Look for point in the right direction

[bbbngowc]

Hi,

On our Windows 2003 Domain there seems to be a group policy or something that is disabling remote desktop connections to the servers. The option is disabled in the "Remote" tab of Computer Properties and so I have to go to the registry, manually changed the deny setting and then users can connect. But once the server updates it's locked out again.

I went through all of the GPs on the Domain and I can't find anything related to Remote Desktop or Terminal Services.

How can I find what is causing this to happen?

[cluberti]

Log into a server where the setting is disabled, and run rsop.msc to see what policies are being applied, and from where.
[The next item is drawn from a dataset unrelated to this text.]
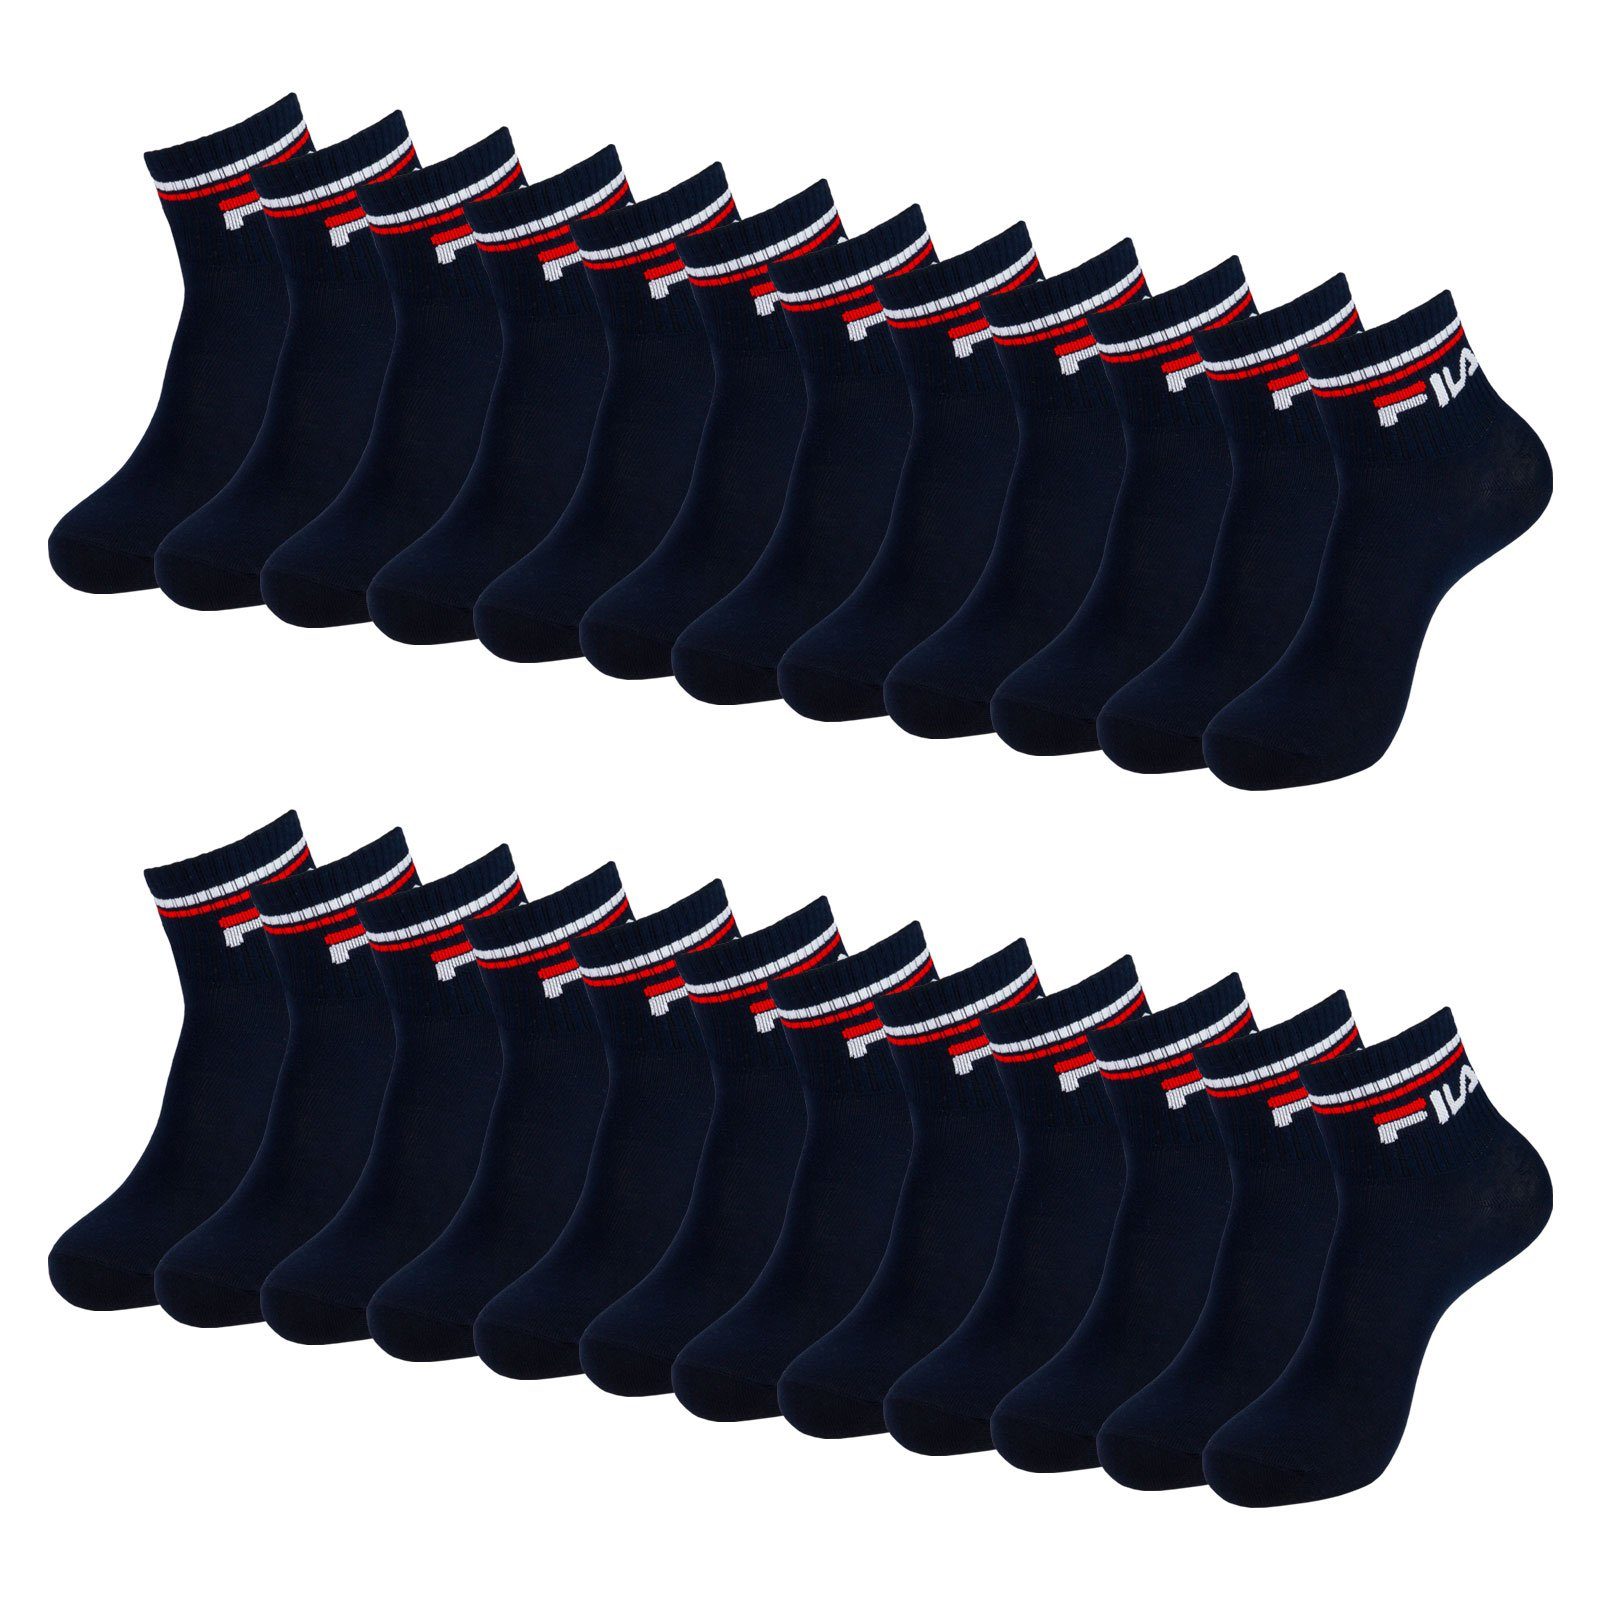 Fila Kurzsocken Quarter Socks Calza (12-Paar) im sportlichen Look mit Rippbündchen 321 navy

If it's not a group policy, you'll probably have to use process monitor with a filter to watch that specific reg key to see who or what is overwriting it with the "bad" value (you can set it read only and remove everyone but your account's permission to the key holding the value as well, so that procmon catches an access denied rather than an overwrite - you catch the culprit, and the value doesn't get overwritten.

[PC_LOAD_LETTER]

I set the following in a GPo so youll wanna check these in rsop.msc

Computer Configuration->Windows Settings->Security Settings->System Services

Terminal Services (Startup Mode: Automatic)
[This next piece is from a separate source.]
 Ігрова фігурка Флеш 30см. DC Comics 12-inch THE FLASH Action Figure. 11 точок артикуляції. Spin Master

Computer Configuration->Windows Settings->Security Settings->Restricted Groups

Group = USER/GROUP_YOU_WANT_TO_GRANT_ACCESS_REMOTELY

Member of=BUILTIN\Remote Desktop Users

Computer Configuration->Administrative Templates->Windows Components/Terminal Services

Allow users to connect remotely using Terminal Services->Enabled

[bbbngowc]

The problem is the "Local Group Policy" keeps setting the option to disabled. I went to gpedit.msc and changed the option back to "Not Configured" or "Enabled" however, in a matter of hours, this option is set to disabled again.

How can I find the Local Group Policy that's causing this?

[cluberti]

The problem is the "Local Group Policy" keeps setting the option to disabled. I went to gpedit.msc and changed the option back to "Not Configured" or "Enabled" however, in a matter of hours, this option is set to disabled again.
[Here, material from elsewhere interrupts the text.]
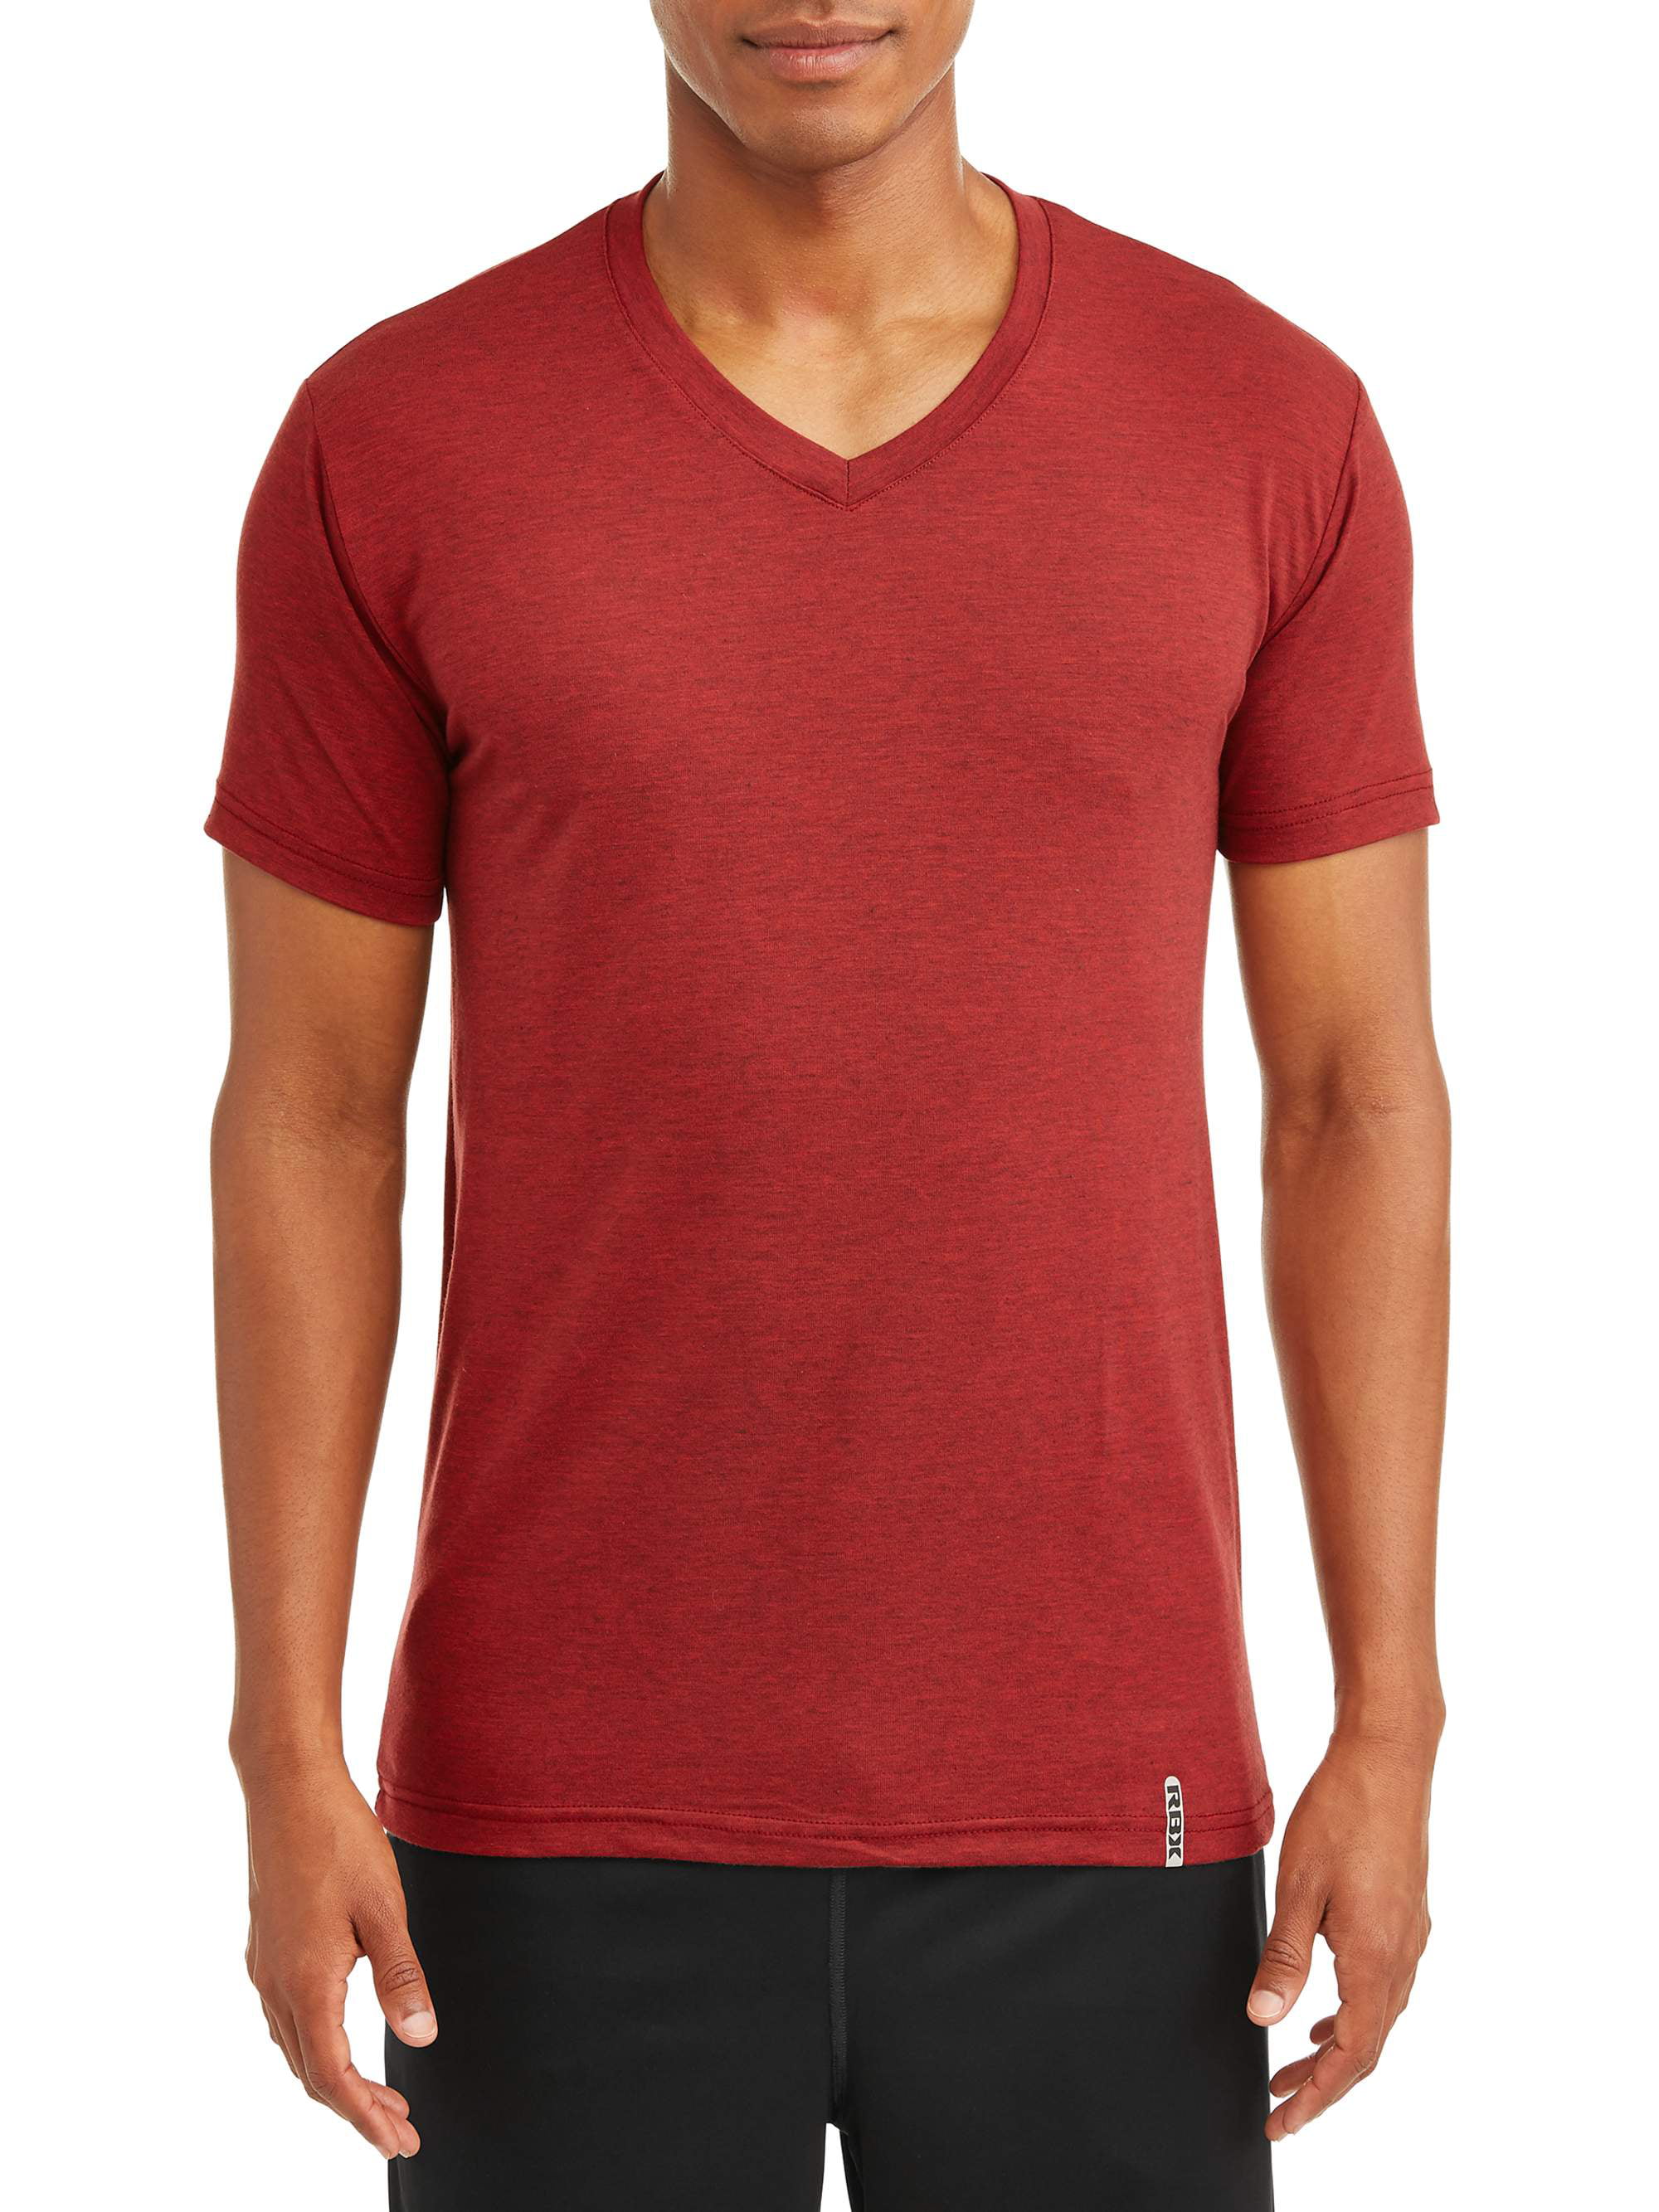 RBX Men's Ultra Soft Short-Sleeve V-Neck T-Shirt - Walmart.com

How can I find the Local Group Policy that's causing this?

Assuming after the setting is reset, your local group policy is still set to 'Enabled', run rsop.msc to see what policy is setting it. If the local policy isn't (or wasn't the only policy setting it), you should be able to use rsop.msc (as I mentioned previously) to find it. Otherwise, you can try to run gpresult /z to try and find the culprit once the setting is disabled again.